The parachutist's total velocity, $\vec{v}$, is the vector sum of the vertical velocity component, $\vec{v}_y$, and the horizontal velocity component, $\vec{v}_x$. In still air, the landing speed is purely vertical, so $v_y = 4.0$ m/s (downward). The wind provides a horizontal velocity component, $v_x = 2.0$ m/s (eastward). Since the vertical and horizontal components are perpendicular, we can use vector addition principles.

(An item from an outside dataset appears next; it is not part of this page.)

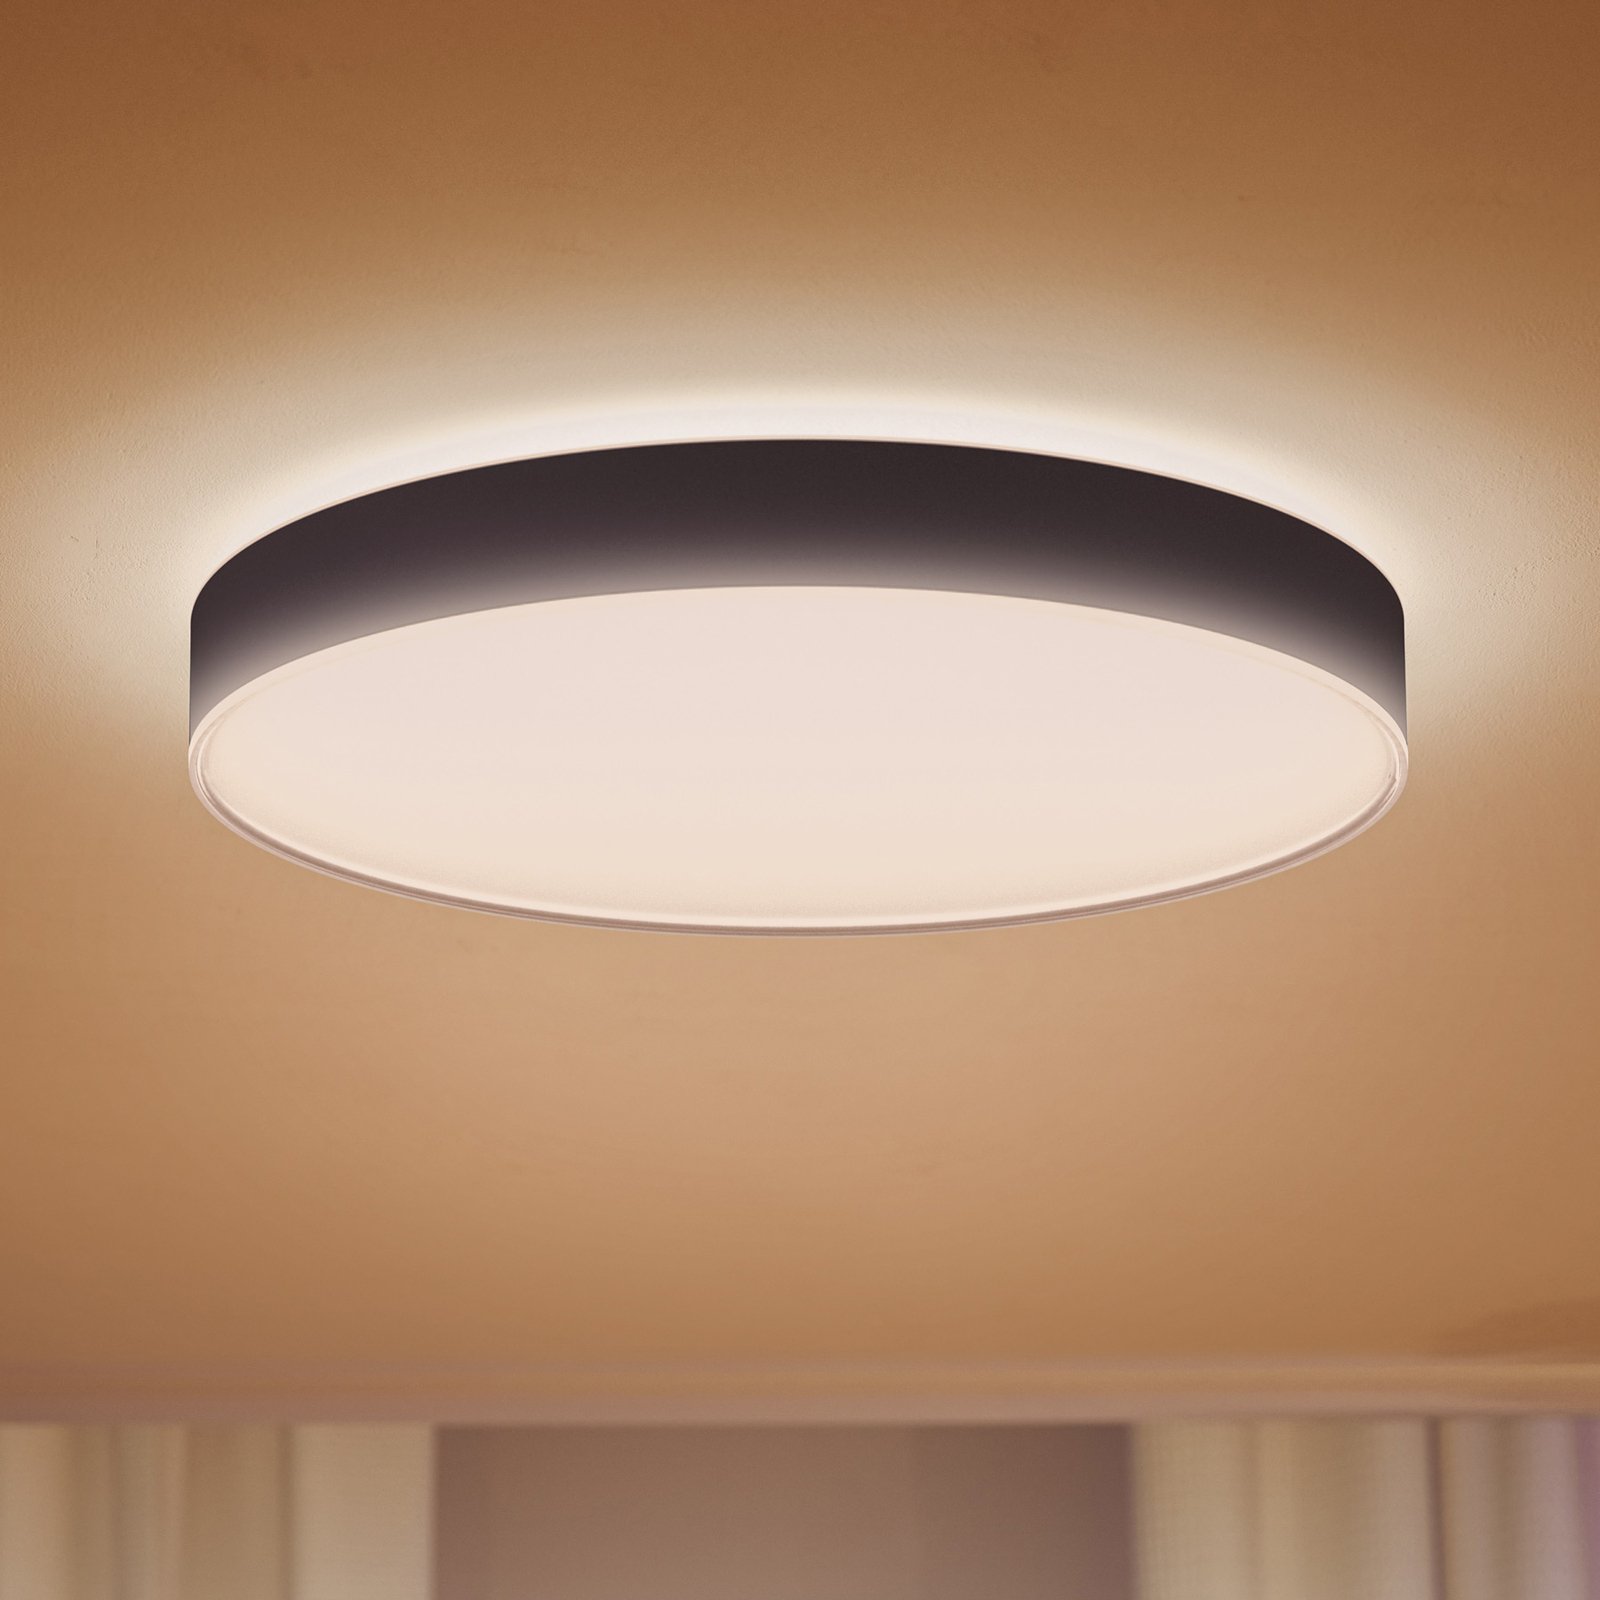 Philips Hue Enrave LED-Deckenlampe 55,1cm schwarz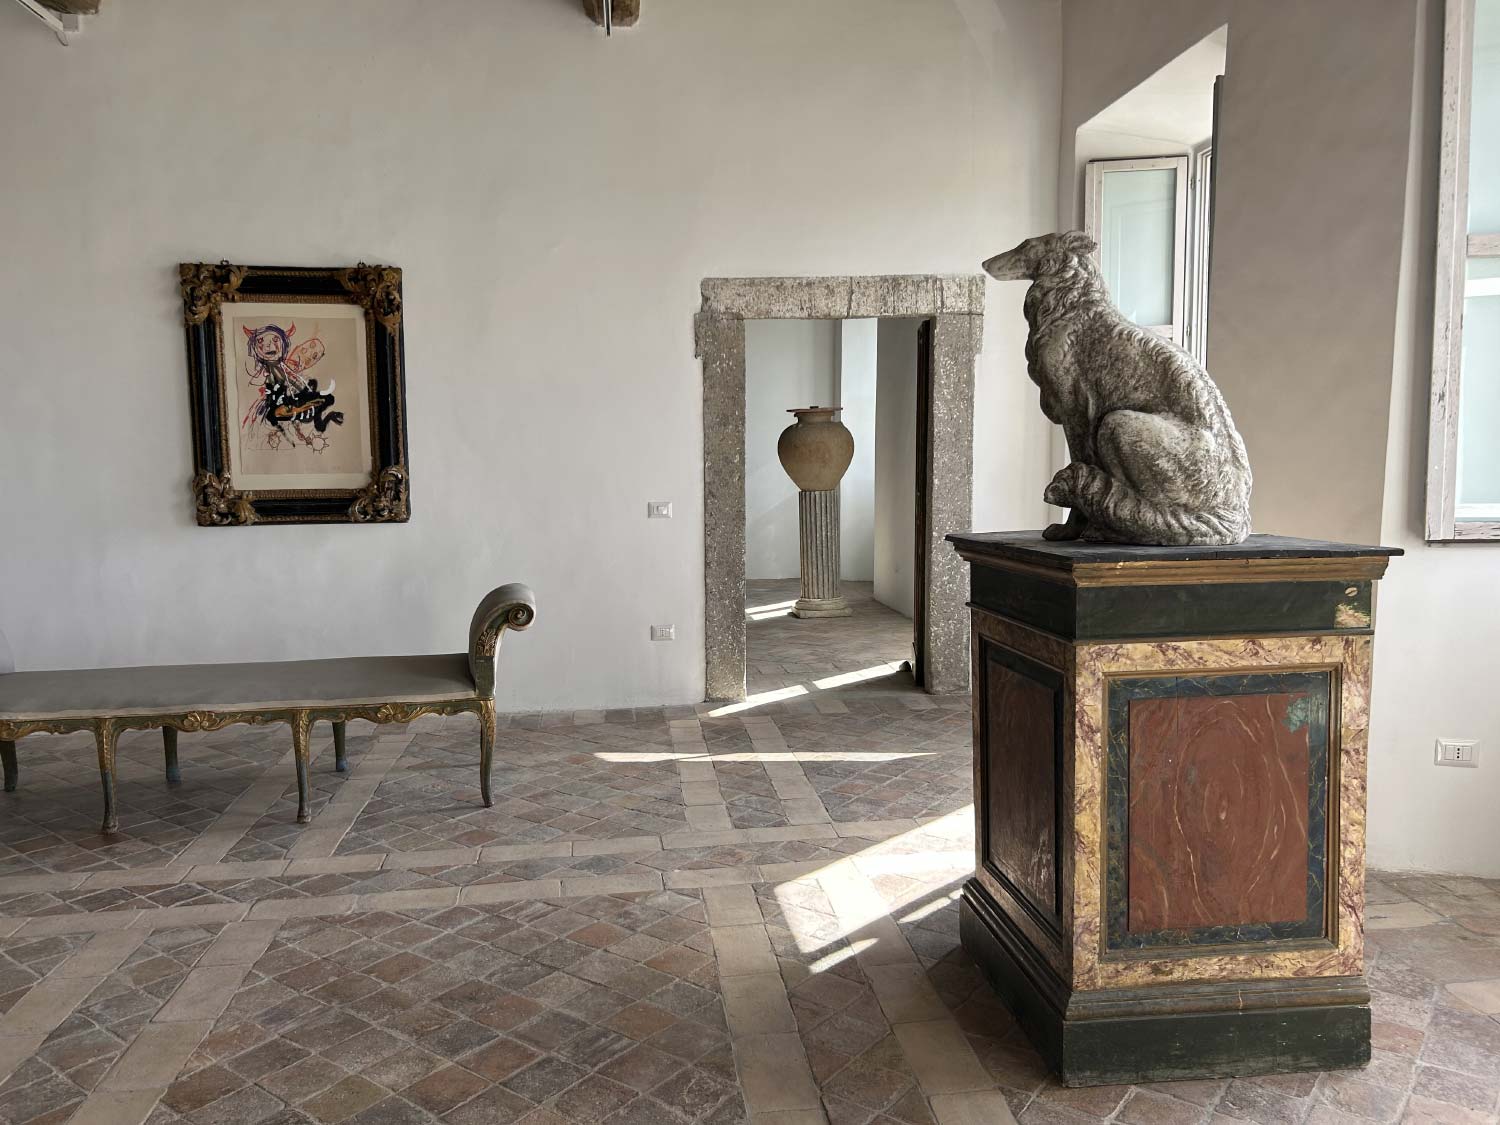 Palazzo Altemps-Twombly a Bassano in Teverina dove Cy Twombly ha dipinto dal 1975 al 2008, oggi sede della Fondazione Iris

Let's define a coordinate system where the y-axis is downward and the x-axis is eastward. The velocity components are:

$\vec{v}_y$ with magnitude $v_y = 4.0$ m/s $\vec{v}_x$ with magnitude $v_x = 2.0$ m/s

The total velocity vector is $\vec{v} = \vec{v}_x + \vec{v}_y$.

[Q1] What is the parachutist's landing speed? The landing speed is the magnitude of the total velocity vector, $v = |\vec{v}|$. Since the components are orthogonal, we use the Pythagorean theorem.

Derivation:

$$v = \sqrt{v_x^2 + v_y^2}$$

Substitution:

$$v = \sqrt{(2.0 \text{ m/s})^2 + (4.0 \text{ m/s})^2}$$ $$v = \sqrt{4.0 + 16.0} \text{ m/s} = \sqrt{20.0} \text{ m/s}$$ $$v \approx 4.5 \text{ m/s}$$

[Q2] What is the direction of the landing velocity? The direction can be described by the angle $\theta$ that the total velocity vector makes with the downward vertical.

Derivation: From the vector components forming a right triangle, we can use the tangent function.

$$\tan(\theta) = \frac{\text{opposite}}{\text{adjacent}} = \frac{v_x}{v_y}$$ $$\theta = \arctan\left(\frac{v_x}{v_y}\right)$$

Substitution:

$$\theta = \arctan\left(\frac{2.0 \text{ m/s}}{4.0 \text{ m/s}}\right) = \arctan(0.50)$$ $$\theta \approx 27^\circ$$

This angle is measured from the downward vertical, towards the east.